В этом еще предстоит разобраться — такое никак не может быть правдой… А между тем я в состоянии чем-то пошевелить. Но чем? Я ощущаю прохладу простыни. Выходит, я шевелю ногой. Своей ногой. Я очень устал. Мое сознание туманится, но не пропадает. И я ощущаю разницу между небытием, как в коме, и безмятежным отсутствием, как во сне.

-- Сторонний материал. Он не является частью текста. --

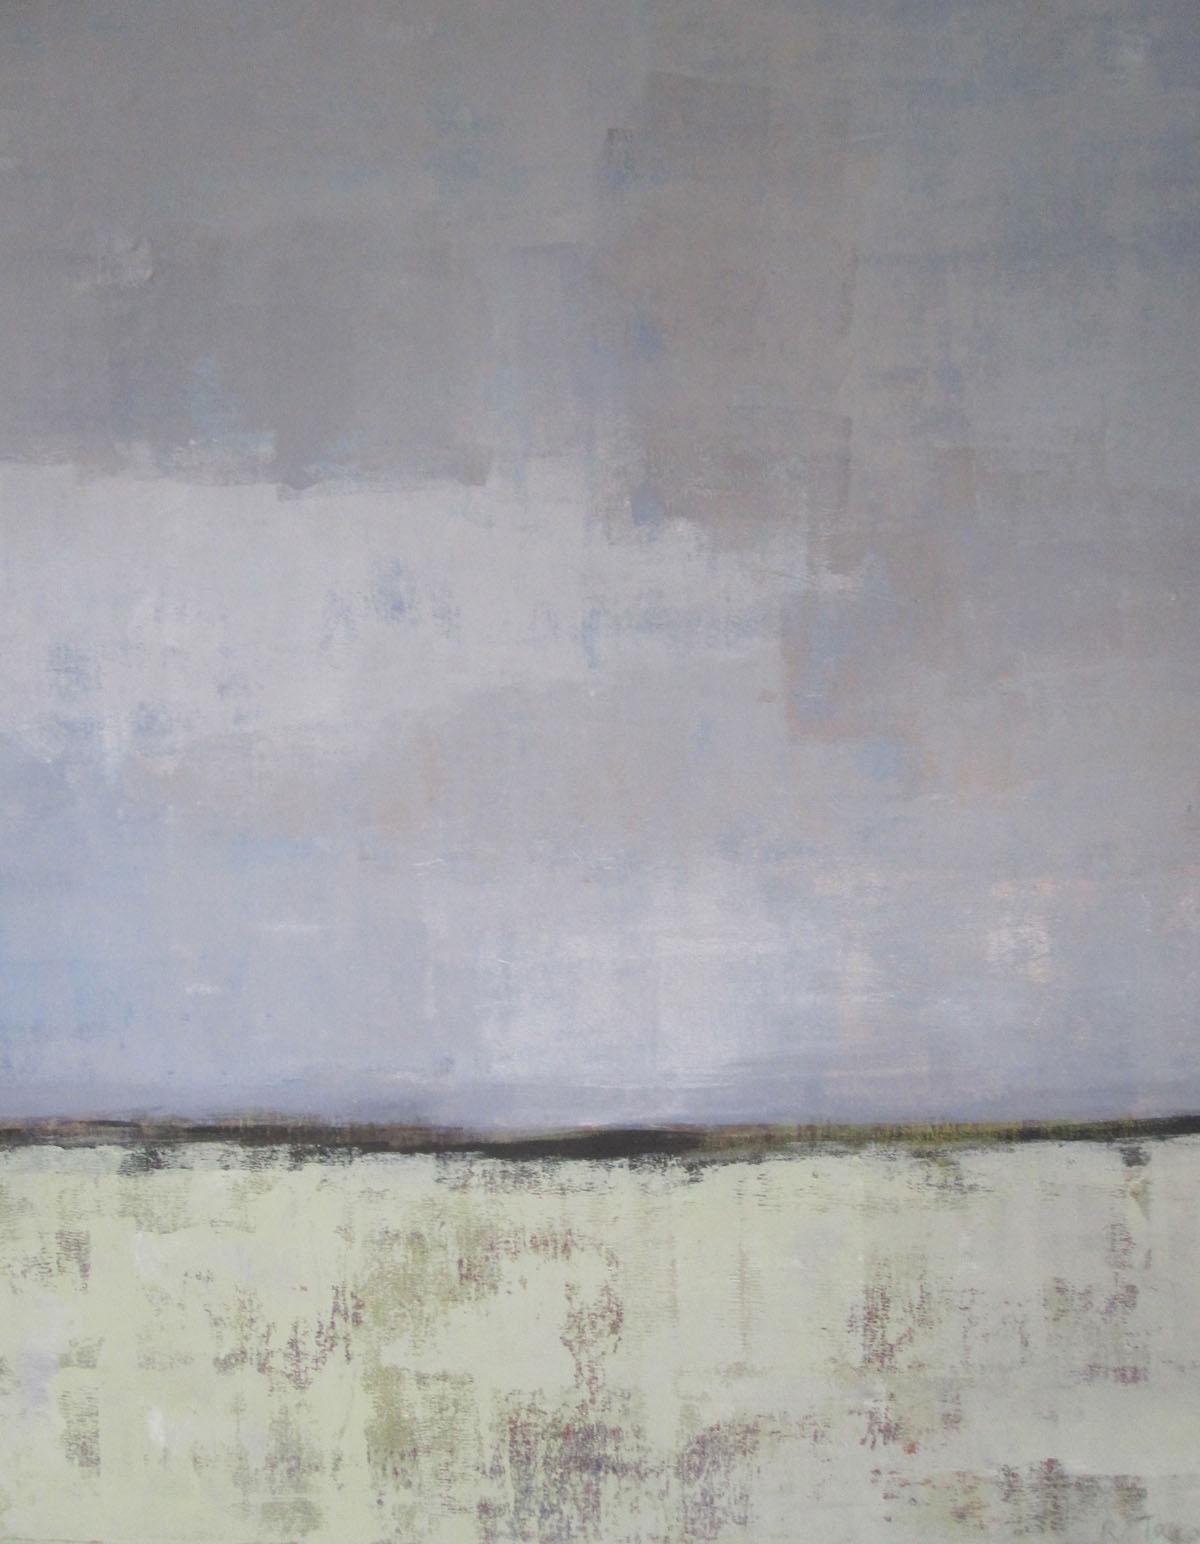 ohne Titel (1), Mischtechnik auf Leinwand, 90x80cm, 2013

Новое пробуждение, на сей раз почти с ясной головой и лишь с клочками туманных воспоминаний. Сильвен отчетливо помнит лишь одно — решение покончить с собой. Не получилось, доказательством тому — плотные бинты, сжимающие грудную клетку. Он хотел избавиться от жизни, что в известном смысле ему и удалось. Он изнурен болезнью, но стал новым человеком. Откуда в нем такая уверенность, что он выживет? При всем том, что его туго запеленали, к носу и рту подсоединены резиновые трубки… он наверняка смертельно ранен. Тельма… Приходится напрячь всю память, чтобы вспомнить, что связано с этим именем. Воспоминания такие расплывчатые… Катафалк… Она видела катафалк… Нет! Рядом слышится голос: «Он пошевелил губами». Другой голос спрашивает: «Слышит ли он нас?» Ему бы так хотелось снова открыть глаза, сообщить что-то срочное. Но кому?